Sections in this pattern
Adversary
(Orchestration Pattern)
Name
Adversary
Also known as: Critic, Red-Team Role, Negative Channel.
Intent
Assign a structurally separate role whose only job is to find failures in another role’s output, and require that role to emit a negative channel the orchestrator can inspect.
Problem
A proposer produces work. The same proposer is then asked to “also list weaknesses,” or a critic role is placed beside the proposer but given the same context and an optional feedback prompt.
That can look like verification:
- the transcript contains a message from a role named
critic; - the prompt says “be critical”;
- the critic gives suggestions before approval;
- the workflow can continue when the critic says the work looks acceptable.
The boundary still collapses when the proposer grades its own work or when the negative channel is optional. A critic that can return an empty feedback string without recording “no defect found” has not performed an adversarial pass. It has only added a chance for the model to rationalize the draft.
verification_design.md Principle 1 rejects self-review as a verification signal. Principle 7 names the stronger form: cross-family verification beats self-verification. Adversary is the single-role orchestration primitive underneath those principles. It makes who critiques whom a runtime fact, not a tone instruction.
Forces
- Separate role vs. single-agent self-critique. A second role costs tokens and routing complexity; self-critique is cheaper but preserves the same blind spot.

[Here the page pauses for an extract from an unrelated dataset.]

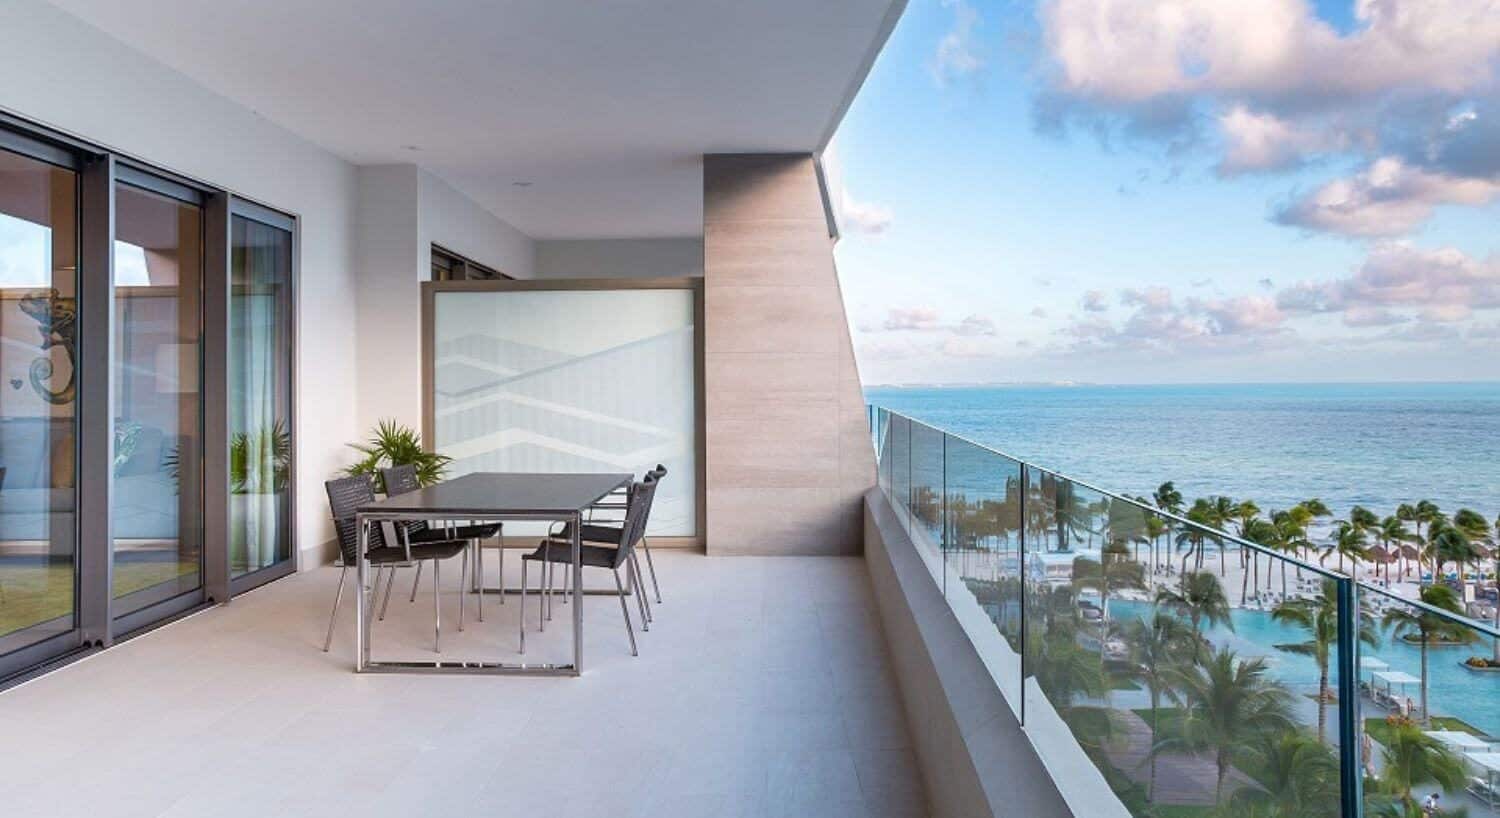 A private balcony with a dining table and chairs, sliding doors into a living room, and views of the resort pools, palm trees, sandy beach and ocean.

- Shared context vs. blind critique. Full context is easy to pass, but it can contaminate the critic. A Blind Oracle or Cross-Family verifier may be needed for stronger independence.
- Mandatory negative channel vs. optional feedback. Optional feedback collapses to “looks good.” A mandatory negative channel must either list defects or record an explicit no-defect verdict.
- Single critic vs. panel. One adversary is the primitive. Multi-round disagreement belongs to Debate.
- Same family vs. cross-family. A same-family adversary can still share latent priors with the proposer. Cross-Family strengthens the role boundary.
Solution
Make adversarial assignment explicit in code.
The orchestrator names a proposer, names a critic, rejects critic_id == proposer_id, and requires a structured critique artifact. The artifact must contain:
- proposer identity;
- critic identity;
- the artifact being critiqued;
- weaknesses, risks, or rejected assumptions;
- suggestions or next action;
- a score or verdict;
- an explicit
no_defect_foundverdict if no weakness is found.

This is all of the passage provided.